Они хотели, чтобы мир его книг управлялся теми же законами, что и мир реальный, их окружавший. Несоответствия раздражали. А мир Андерсена управлялся по законам завтрашнего реального мира, по тем самым законам, действие которых должно было стать очевидным столетием позже.
И один человек из окружения Андерсена понимал это. Большой датский физик, чьи труды по электромагнетизму уже стали классическими, — Эрстед. Он любил Андерсена и однажды в разговоре с ним как бы невзначай обронил слова, которые показались многим загадкой: «Вас часто упрекают в недостатке познаний, но, может быть, наука обязана будет вам больше, чем кому-либо из поэтов».
Жизнь разрешила эту загадку. Волшебные истории Андерсена оказались не только поэтически высокими, но и мудрыми.
Разгадка эта содержит в себе, по-моему, и разрешение одного острого, весьма современного вопроса. Я имею в виду распространенное в западной философии наших дней разделение сегодняшней действительности на «жизненный мир» и «мир науки».
«Жизненный мир» — это дети, играющие под нашими окнами, и наши вечерние застольные беседы о хлебе, рождениях, утратах, песни, которые мы поем, работая в поле, на фабрике, в саду… Это складывающийся веками круг бытия, понятный и близкий любому человеку: ремесленнику, пахарю, поэту. Человеческий мир радостей и забот, борьбы и надежд… Мир «непоколебимых уверенностей».
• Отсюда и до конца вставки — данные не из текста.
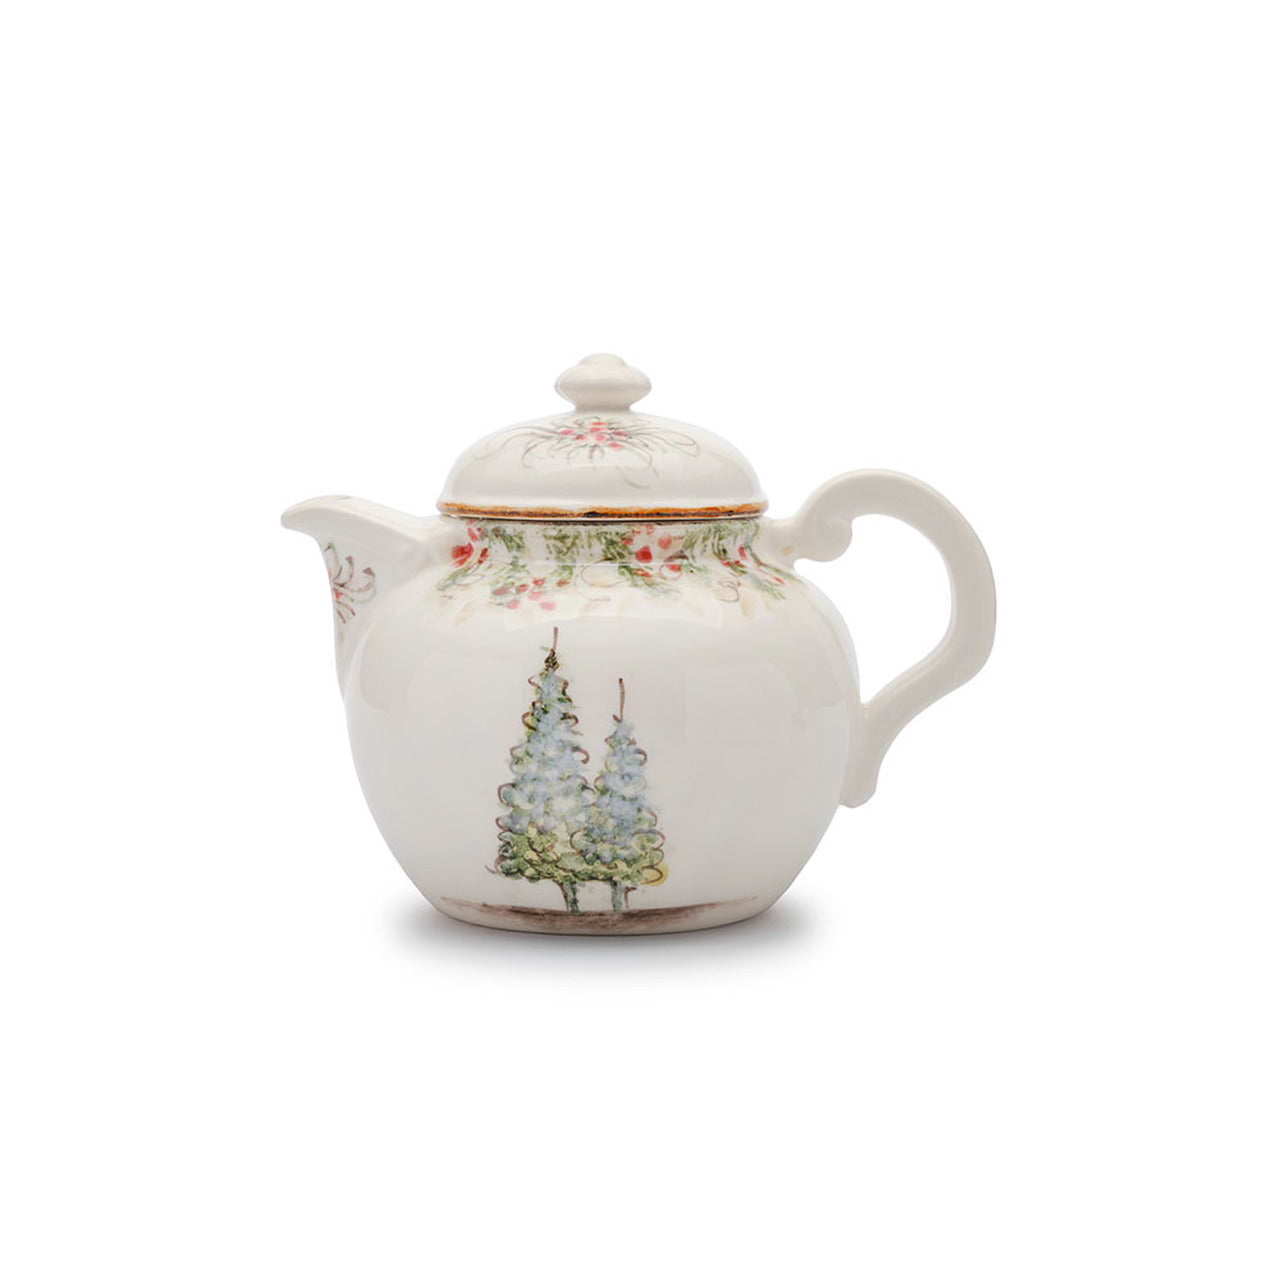 Natale Tea Pot

И вот в XX веке, утверждают, окончательно определился второй мир — науки, враждебный старому доброму миру, потому что хочет он того или нет, а угрожает его основным ценностям. Это мир недоступных миллионам людей абстракций, мир освобождающий из бутылки «духа», перед которым ремесленник, пахарь, поэт могут оказаться беспомощными, мир, выработавший особый образ мышления и особый язык, понятный немногим.
Разделение действительности на два мира, по мнению многих западных философов наших дней, — одна из трагедий современности. И это в конце концов, говорят они, трагедия этическая, потому что «жизненный мир», чувствуя собственную непрочность, утрачивает все больше из вечных нравственных истин и ценностей.
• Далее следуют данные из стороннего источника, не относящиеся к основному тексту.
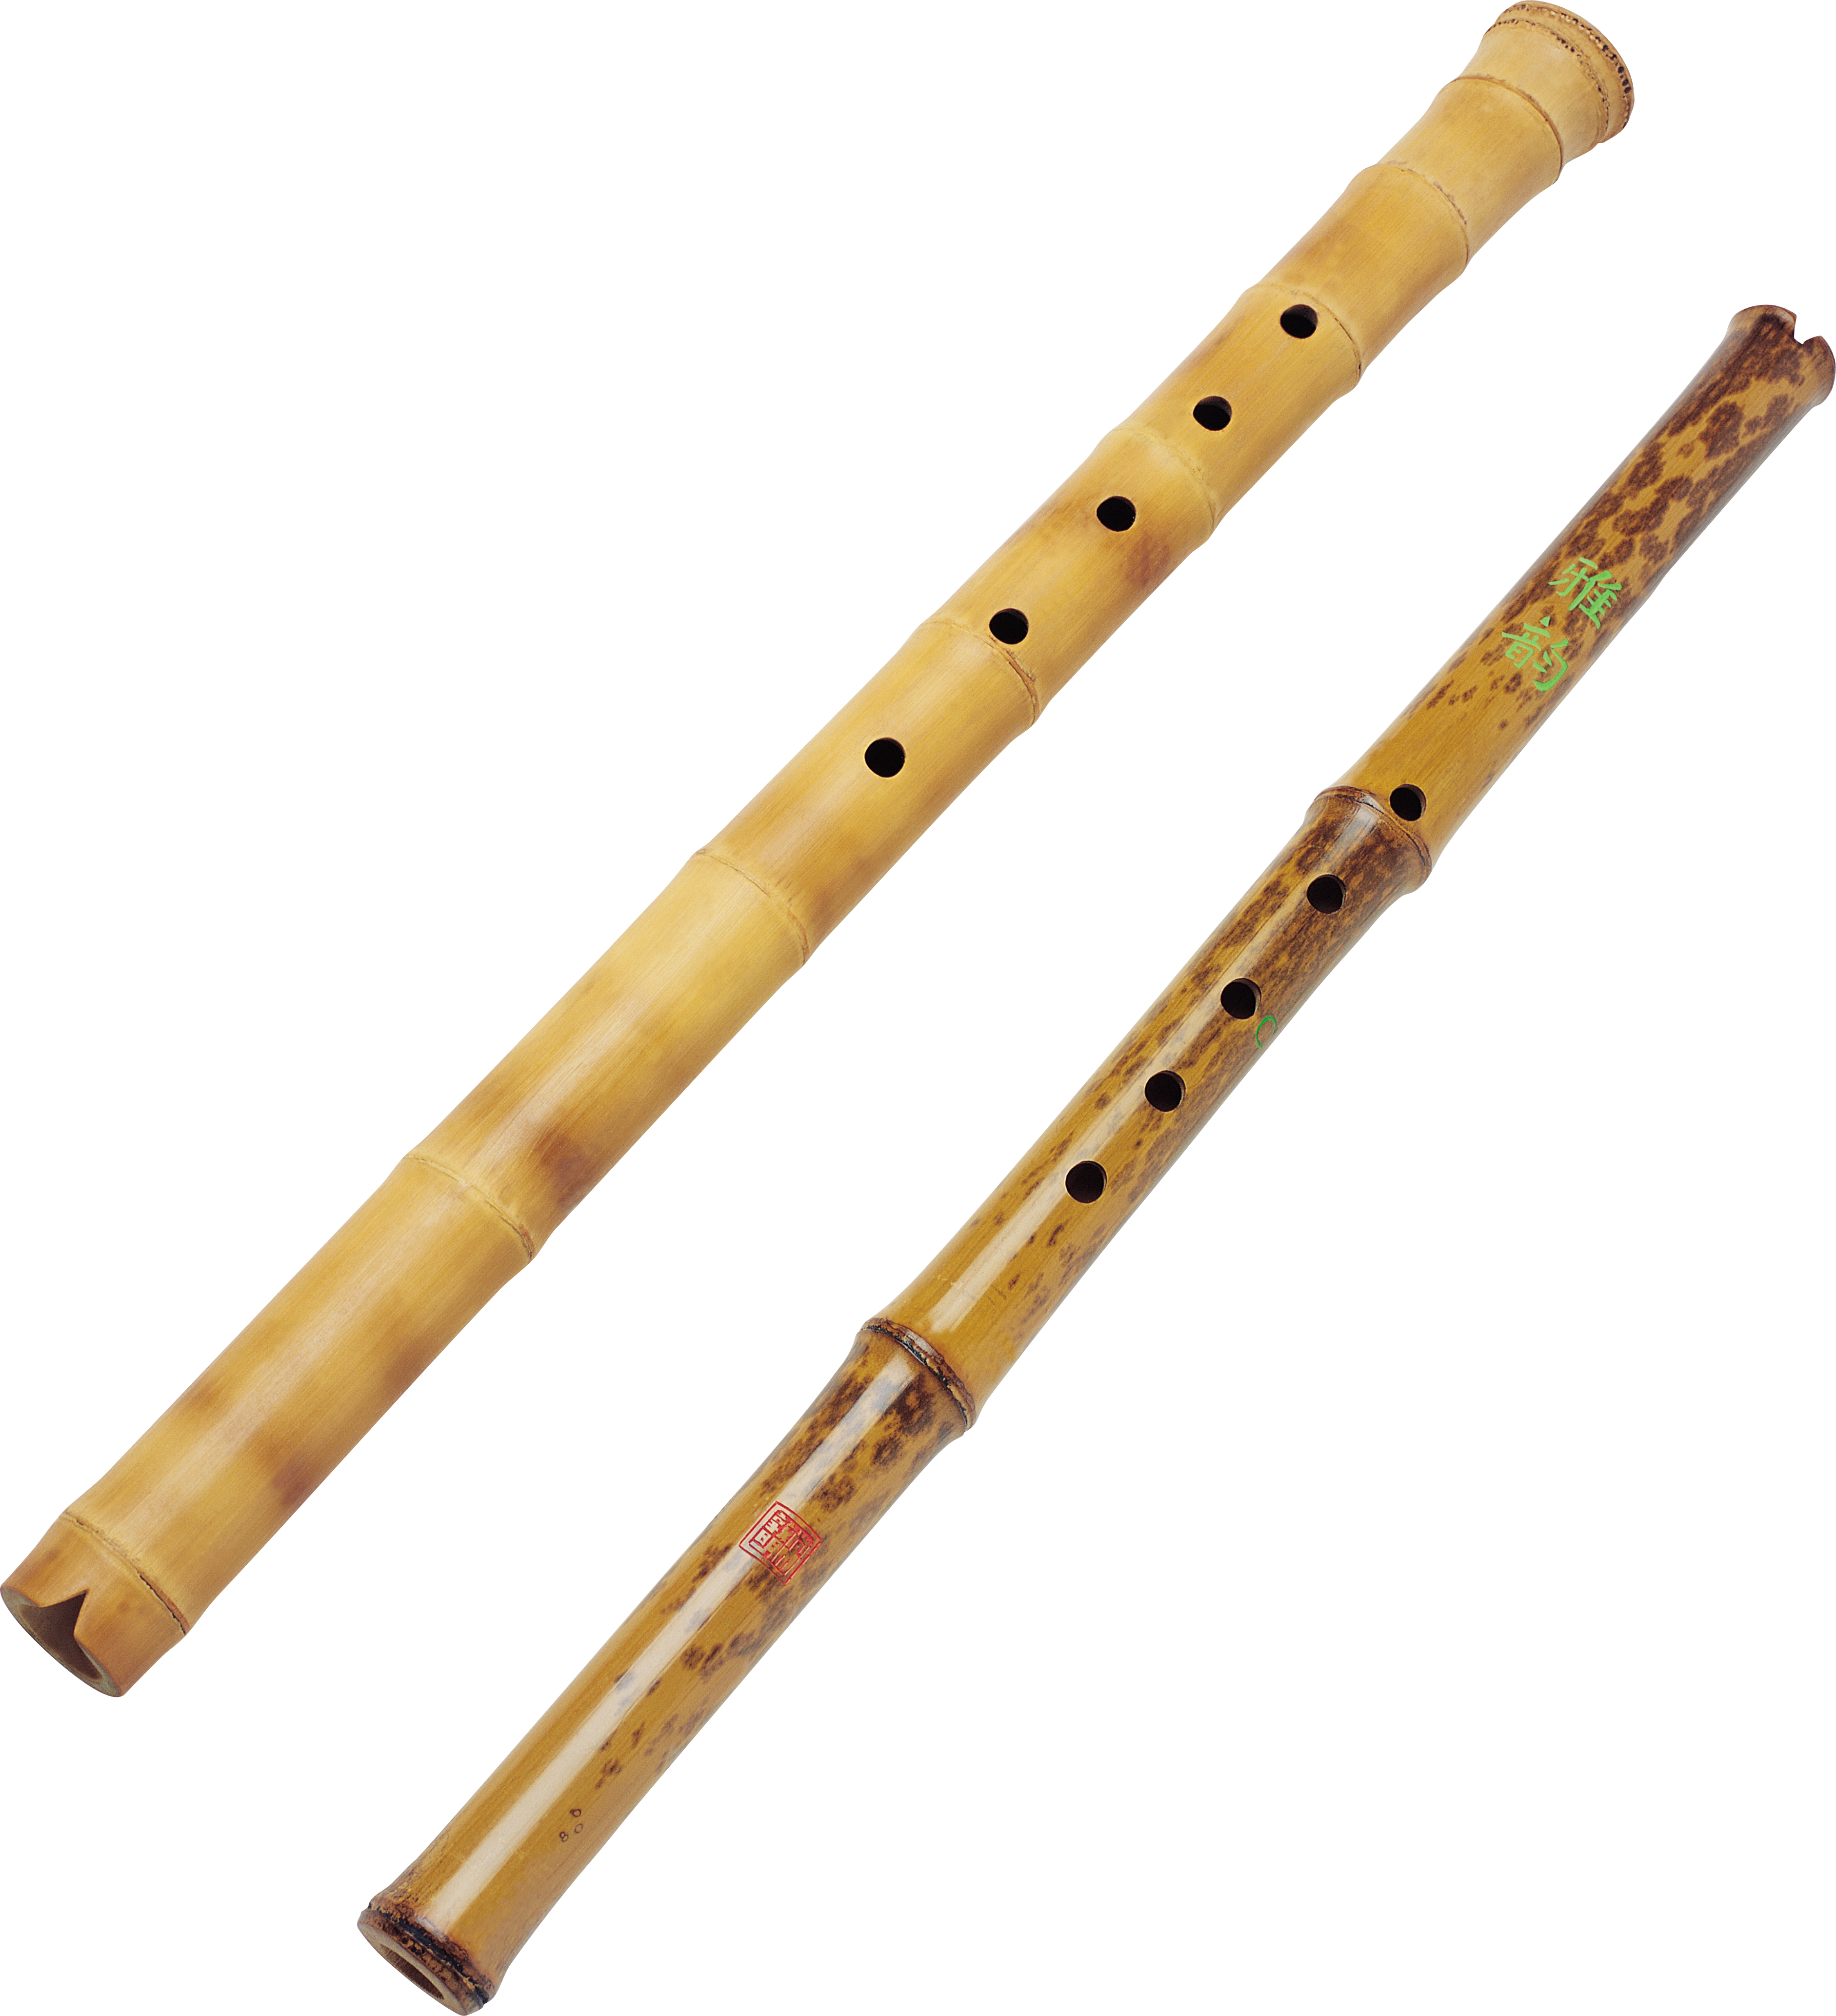 flute clipart wooden flute

Попытаемся в этом разобраться.
Было бы отрицанием очевидности утверждать, что наука не стала к середине XX века исполинской силой, ощущаемой миллионами людей. Было бы более чем наивно полагать, что ее язык — уравнений, формул, особых терминов, — язык, пытающийся точно описать сумасшествие элементарных частиц, расшифровать первоосновы материи, бытия, этот «темный», сложный язык понятен большинству обитателей земного шара. И наконец, было бы непростительным самообманом думать, что «дух», выпущенный из бутылки, ничем не угрожает человечеству.
Но явствует ли отсюда, что на нашей планете отныне существуют два мира: тысячелетний, человеческий, теплый и высокий, холодный, с четкими гранями, открывающий в лабораториях за семью печатями таящие ураганную силу великие уравнения?..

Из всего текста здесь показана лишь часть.